— THE PROBLEM —
Write out every line of the material as it stands, apart from the pictures.

— DATASET EXTRACT —
+++++

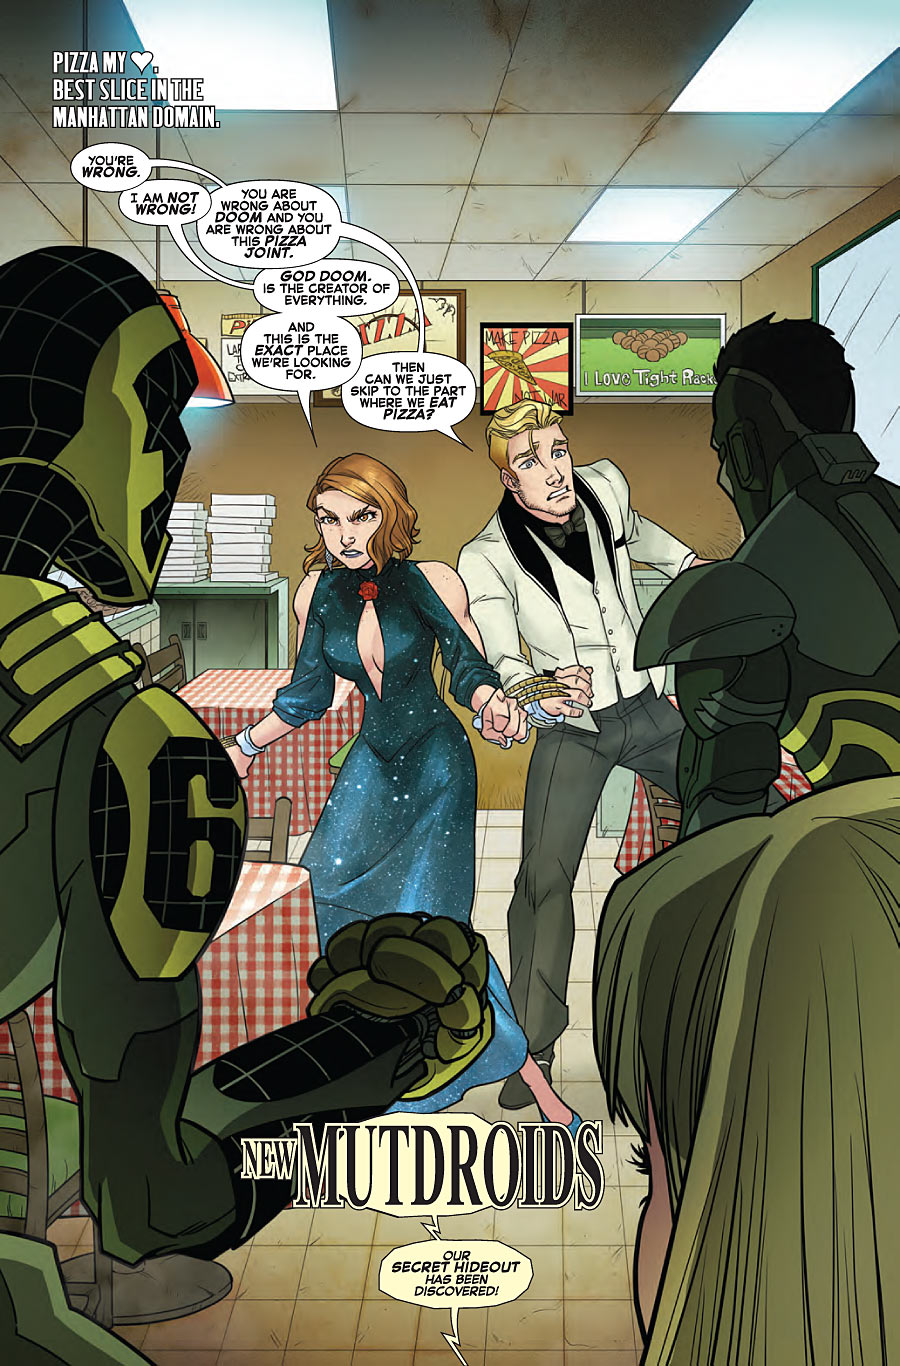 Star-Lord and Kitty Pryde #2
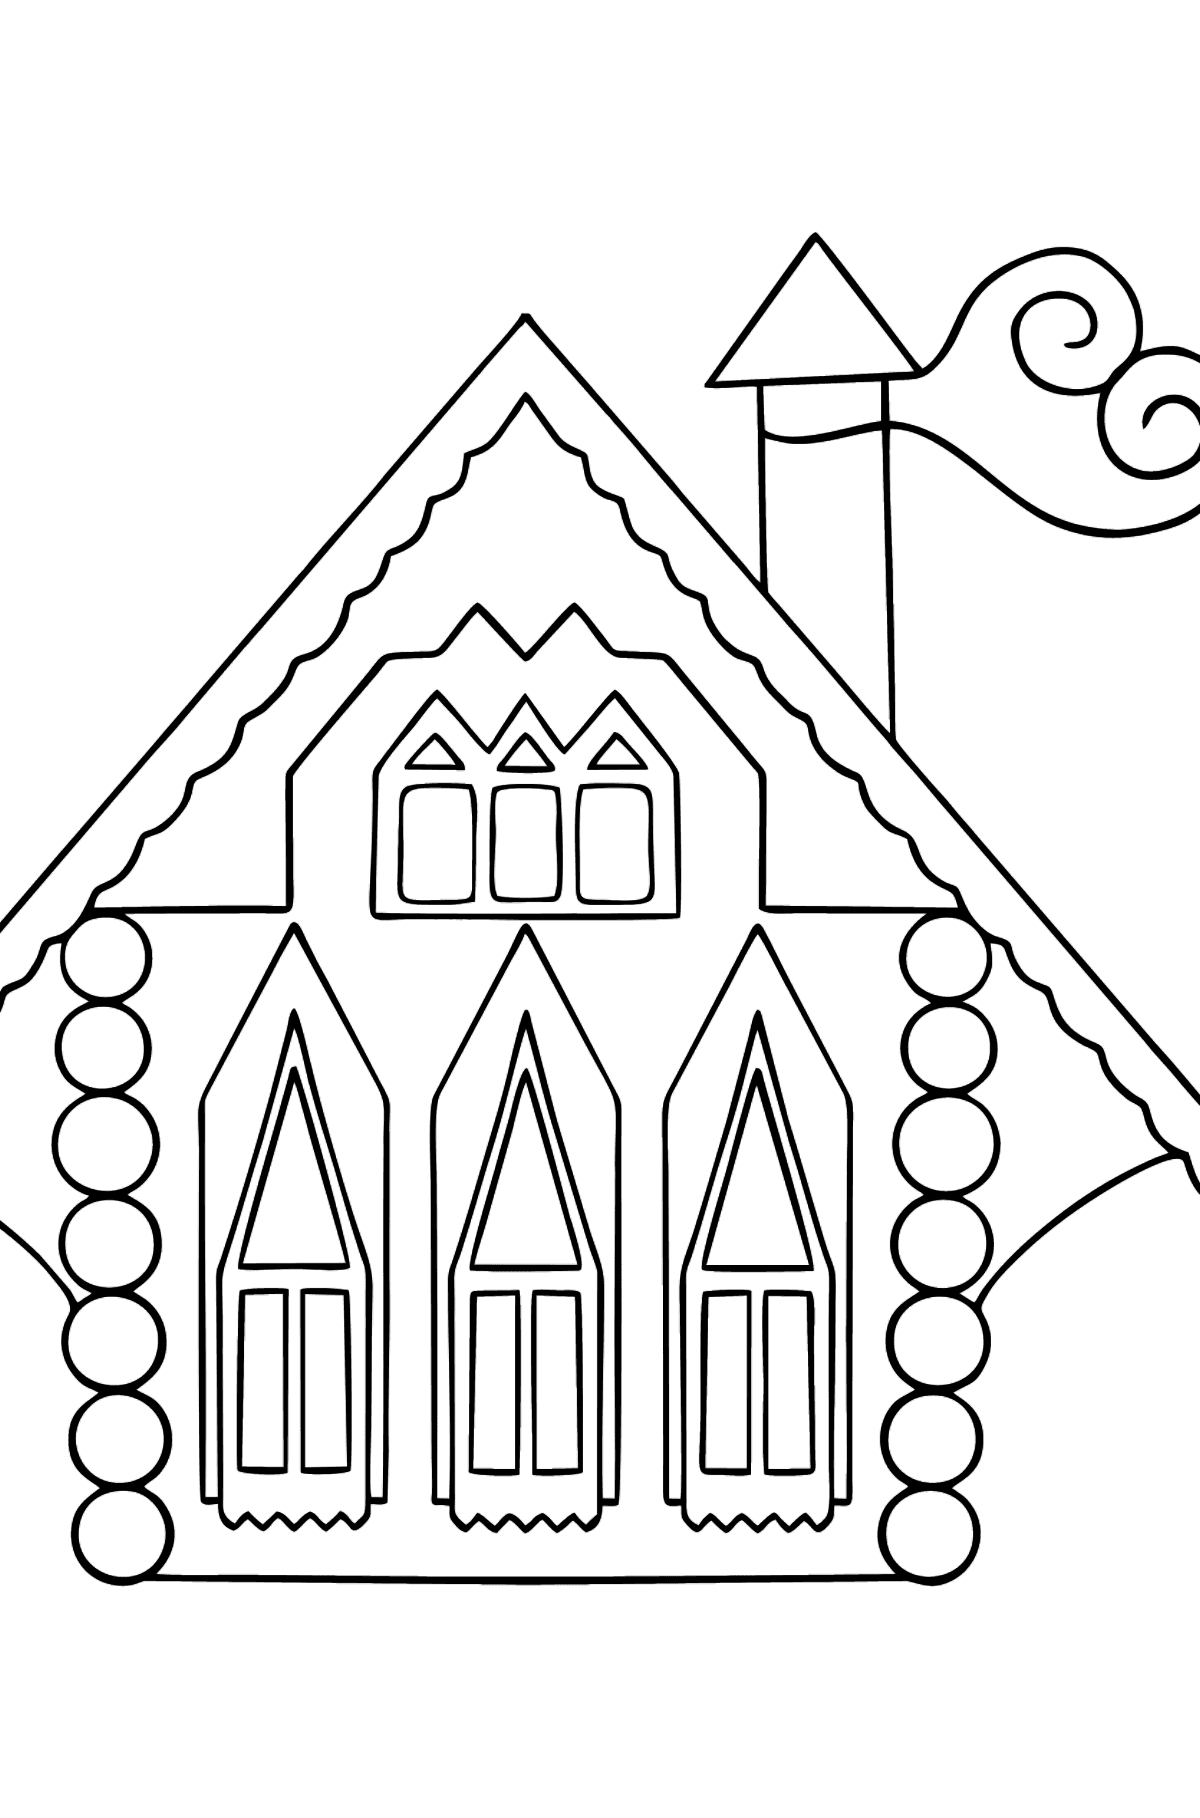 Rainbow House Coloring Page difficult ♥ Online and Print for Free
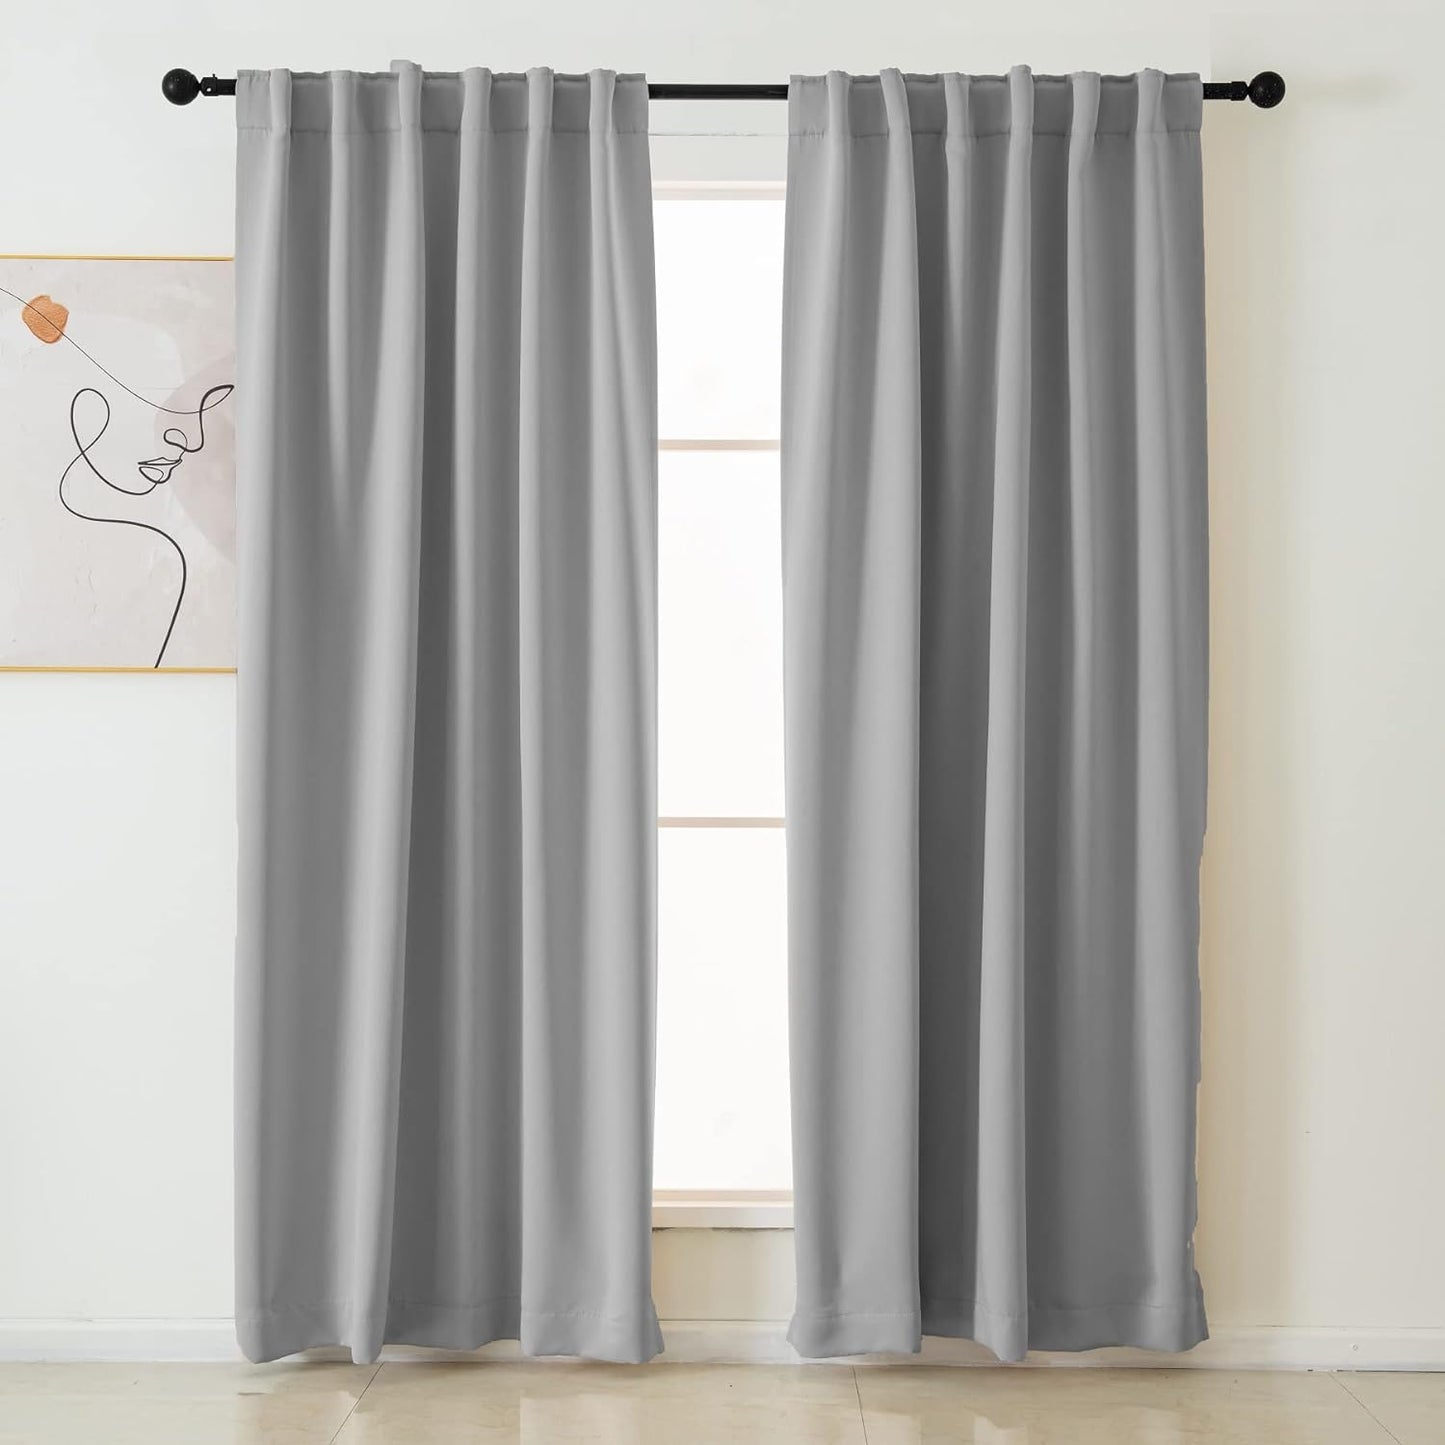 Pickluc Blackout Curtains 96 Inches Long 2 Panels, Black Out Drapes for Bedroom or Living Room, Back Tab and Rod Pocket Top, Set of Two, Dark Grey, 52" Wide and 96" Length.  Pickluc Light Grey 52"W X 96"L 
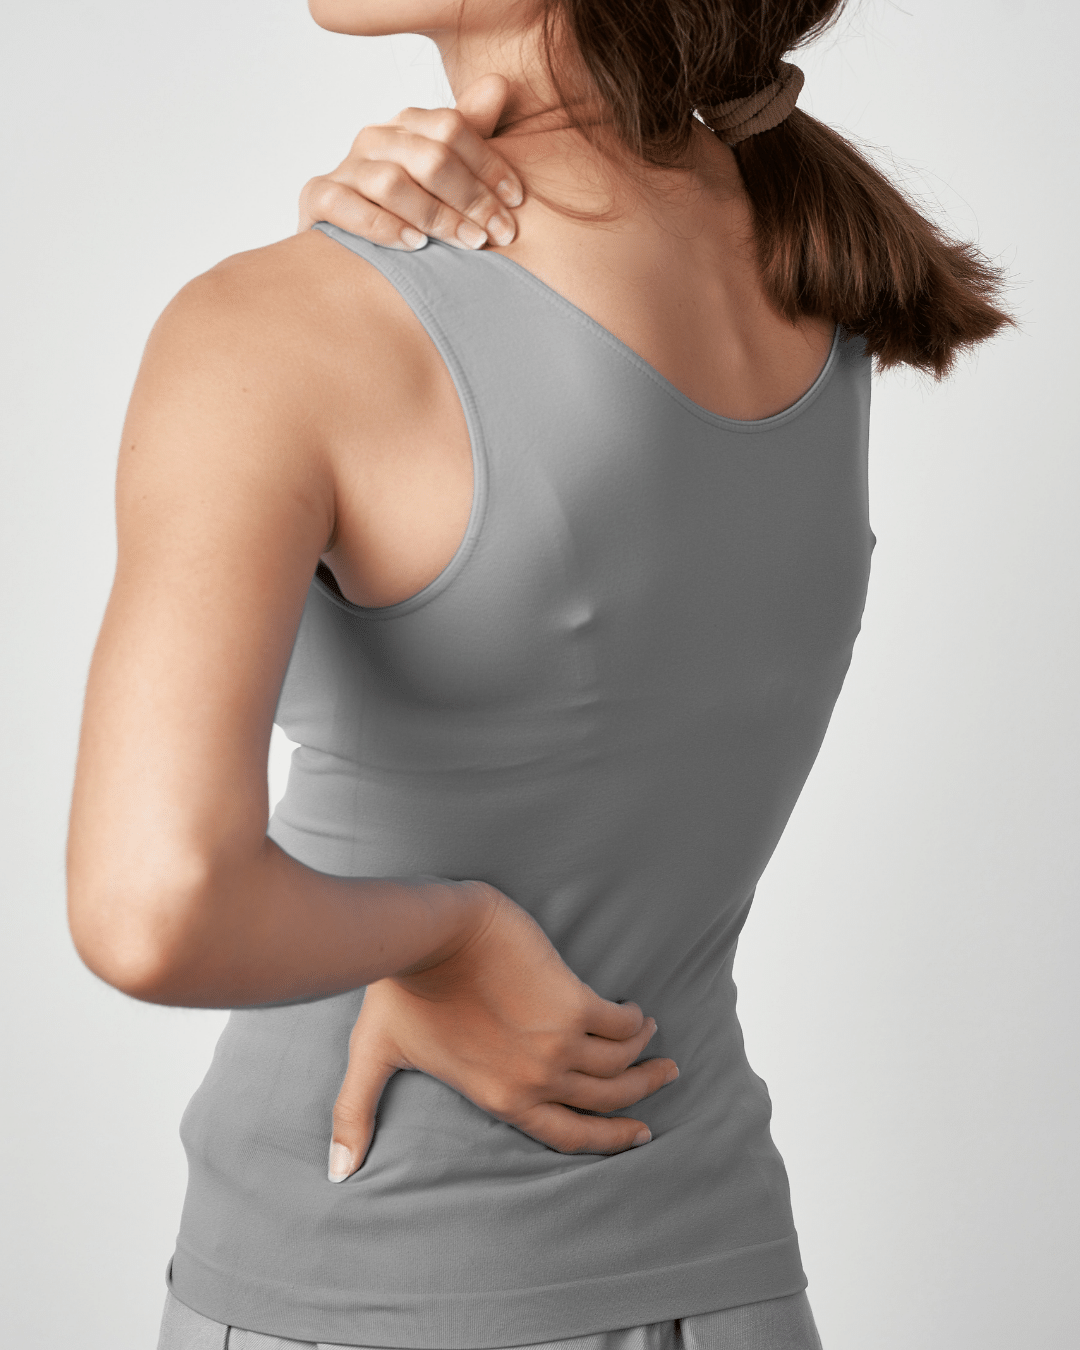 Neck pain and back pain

+++++

— YOUR SOLUTION —
 Star-Lord and Kitty Pryde #2
 Rainbow House Coloring Page difficult ♥ Online and Print for Free
 Pickluc Blackout Curtains 96 Inches Long 2 Panels, Black Out Drapes for Bedroom or Living Room, Back Tab and Rod Pocket Top, Set of Two, Dark Grey, 52" Wide and 96" Length.  Pickluc Light Grey 52"W X 96"L 
 Neck pain and back pain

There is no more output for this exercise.